If they just need to puff some in exactly on the picture and no damage elsewhere I think you just need to clear the whole door, get away with not painting the whole side


----------



## squiggs (Oct 19, 2009)

Slammedorion said:


> Unfortunately that's just because somebody couldn't be bothered to strip parts off and prep properly


Not strictly true - it's perfectly acceptable to mask a handle (or any trim) and paint up to it (as long the edges of primer, paint and lacquer don't all finish at the masking). 
But (as with any job) it's the attention to detail (especially the prep work) that really counts, and in this example it's blindingly obvious that the recess wasn't keyed - hence the failure.
Had it have been keyed properly (with the handle in situ) and then failure this would never have happened.



> It's now a even bigger job, and will have to be rubbed right back to prevent this happening again


 Yep - I agree with this. There is no way the problem can be rectified without the handle being removed.

But there's no need for a whole side re-paint, as it's an easy colour to blend.
So if the OP can find a SMART repairer that removes handles/trim then the area could be SMART repaired. The area of failure would need rubbing back, priming and painting (blending into the surrounding area) . Then it would probably be easiest lacquer the whole door, bake, refit the handle and the jobs jobbed.


----------



## Mml2823 (Feb 14, 2015)

Thanks. I've been in touch with a smart repair guy and just waiting to see what he says.


----------



## Slammedorion (Apr 13, 2014)

squiggs said:


> Not strictly true - it's perfectly acceptable to mask a handle (or any trim) and paint up to it (as long the edges of primer, paint and lacquer don't all finish at the masking).
> But (as with any job) it's the attention to detail (especially the prep work) that really counts, and in this example it's blindingly obvious that the recess wasn't keyed - hence the failure.
> Had it have been keyed properly (with the handle in situ) and then failure this would never have happened.
> 
> ...


There's a rubber seal between the handle and door
It will always flake off over time... Poor lazy workmanship 
No argument

Someone's gotta spend time now prepping that right
No matter how good the next blokes paint job is, if he don't get rid of all the flakey paint underneath it'll just happen again


----------



## squiggs (Oct 19, 2009)

Slammedorion said:


> There's a rubber seal between the handle and door
> It will always flake off over time... Poor lazy workmanship
> No argument


Sorry - not correct.
On the original job - if the handle (and rubber seal) had been carefully masked, and the keying taken right up to the masking (all tricky and time consuming, but perfectly doable) then there would be no reason why anything should have failed. (How could it? Why would it?)

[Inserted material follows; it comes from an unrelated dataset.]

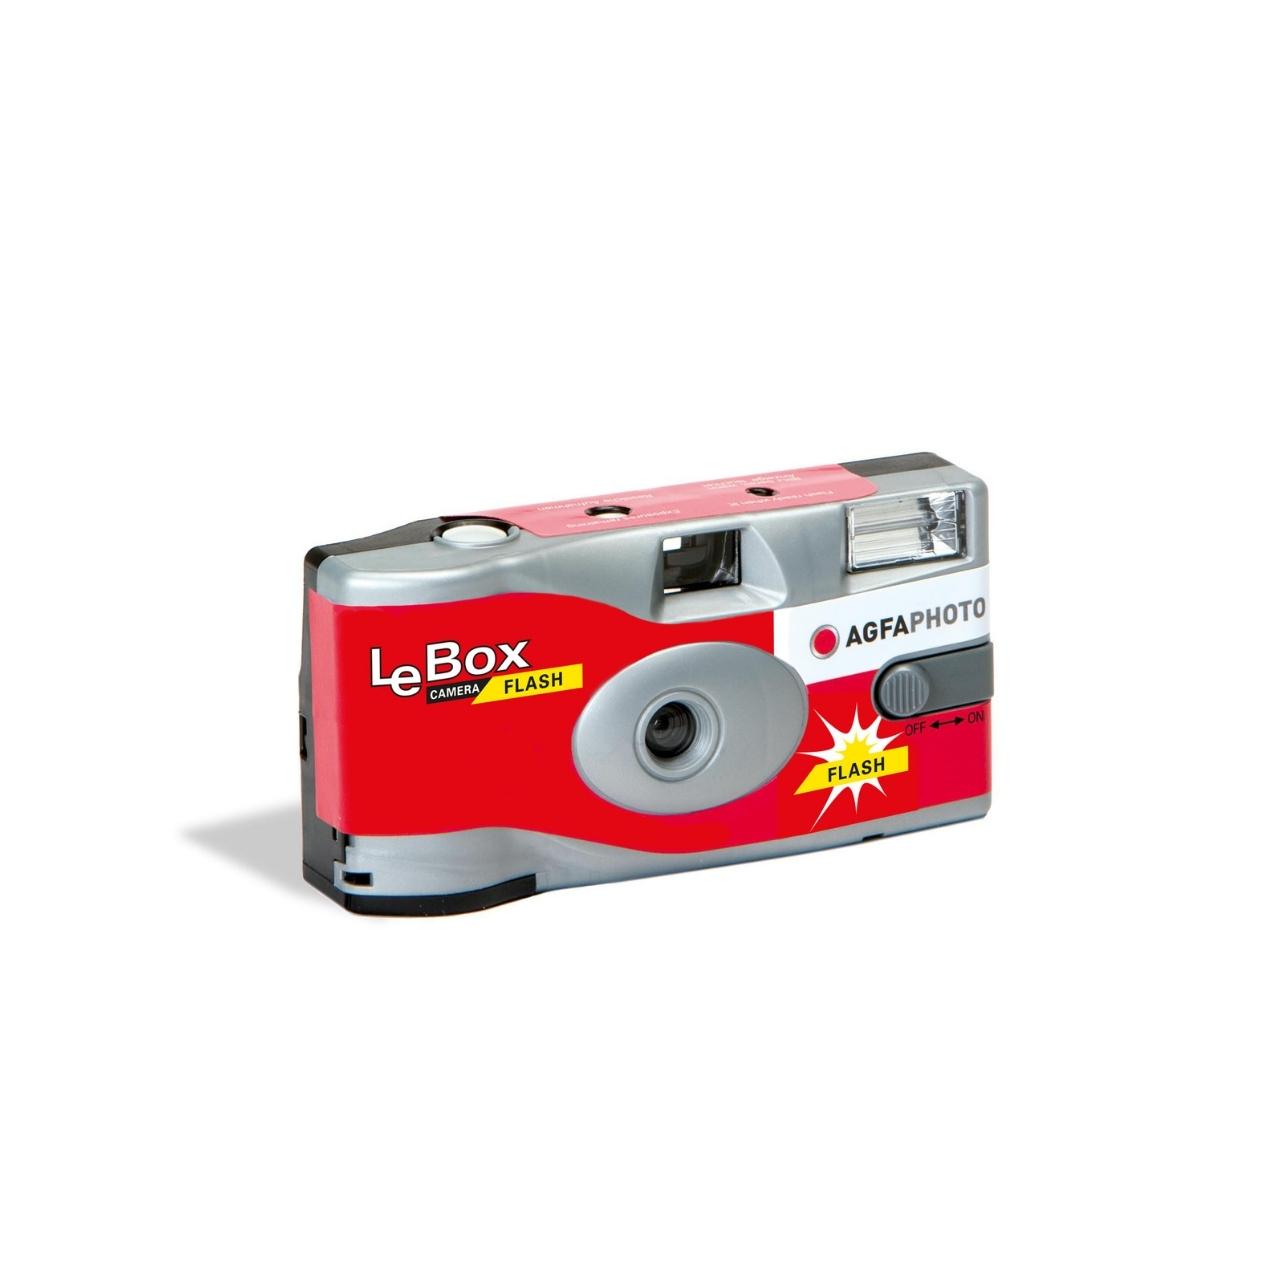 AgfaPhoto LeBox 400-27 con Flash, cámara de un solo uso
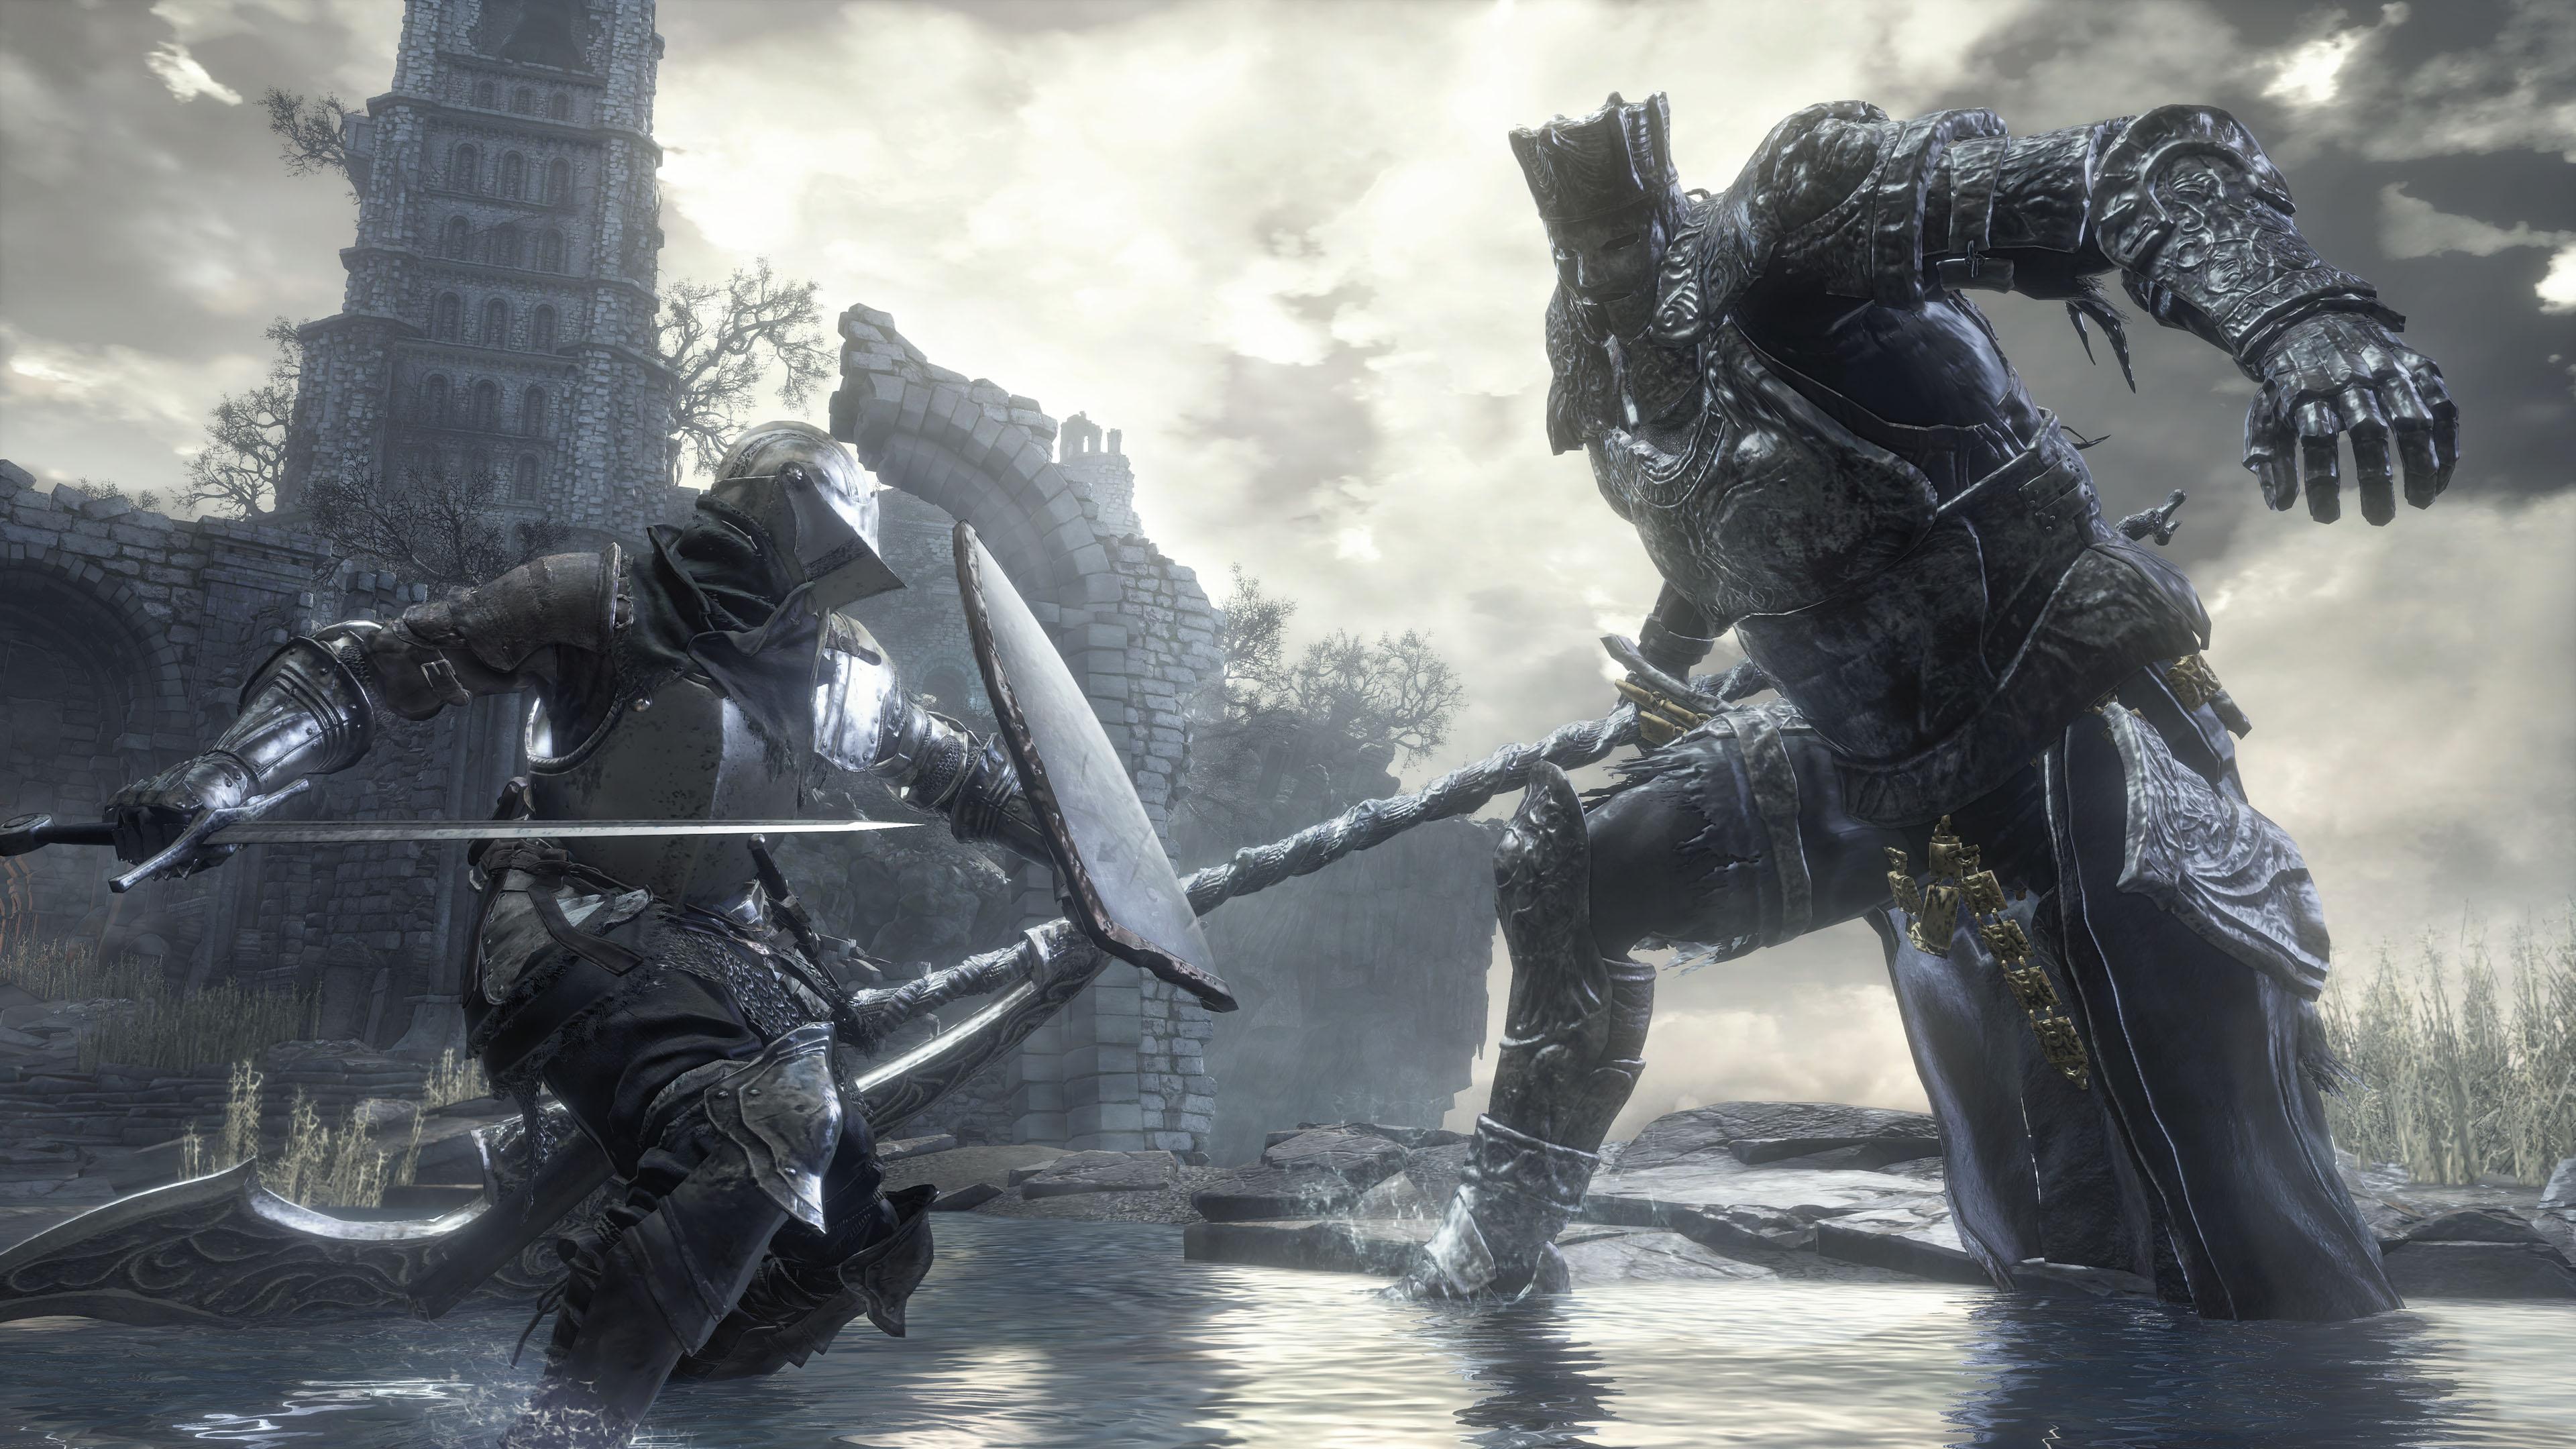 [Top 5] 5 Melhores Jogos de 2016 que estão bombando Dark_souls_3_hr_gundyr_battles_player

> Someone's gotta spend time now prepping that right
> No matter how good the next blokes paint job is, if he don't get rid of all the flakey paint underneath it'll just happen again


Fully agree :thumb:
And now the only way to do that is to remove the handle.


----------



## Slammedorion (Apr 13, 2014)

Do it right first time, strip it down
Masking stuff up is lazy and will never be right, handle rubbers move
My pet hate being in the paint trade...


----------



## Mml2823 (Feb 14, 2015)

I agree! Apparently a lot of paint jobs now are the same. They just don't want to remove any bits.


----------



## robdcfc (Sep 17, 2012)

Mml2823 said:


> I agree! Apparently a lot of paint jobs now are the same. They just don't want to remove any bits.


Not that we dont want to, the insurance wont pay the labour for stripping down properly


----------



## Slammedorion (Apr 13, 2014)

robdcfc said:


> Not that we dont want to, the insurance wont pay the labour for stripping down properly


Or if things break...


----------



## SamD (Oct 24, 2015)

I'm guilty of this! Insurance company's won't let us remove door handles or even number plates, I know heart breaking to hear.


----------



## ed87 (Apr 6, 2015)

SamD said:


> I'm guilty of this! Insurance company's won't let us remove door handles or even number plates, I know heart breaking to hear.


Number plates?! Wow, that's terrible!


----------



## Mml2823 (Feb 14, 2015)

Sounds like I might have to bring the car in with the door handle already removed!

NUMBER PLATES?! That's incredible.


----------



## Mml2823 (Feb 14, 2015)

Anyone know if it will be ok to use ironx or similar on this area that has paint damaged? I don't want to make it worse!


----------



## SamD (Oct 24, 2015)

Mml2823 said:


> Sounds like I might have to bring the car in with the door handle already removed!
> 
> NUMBER PLATES?! That's incredible.


 I take them off its ridiculous, very frustrating always a constant battle with the insurancance nuggets.


----------



## JCoxy (Dec 21, 2011)

Sams right, of course it's not ideal to leave stuff on but you need to get stuff done in a certain amount of time


----------



## Graeme1 (Dec 9, 2006)

Looks like a BMW door Handel. Would actually be longer to mask than take it off! 

That's just being lazy!


----------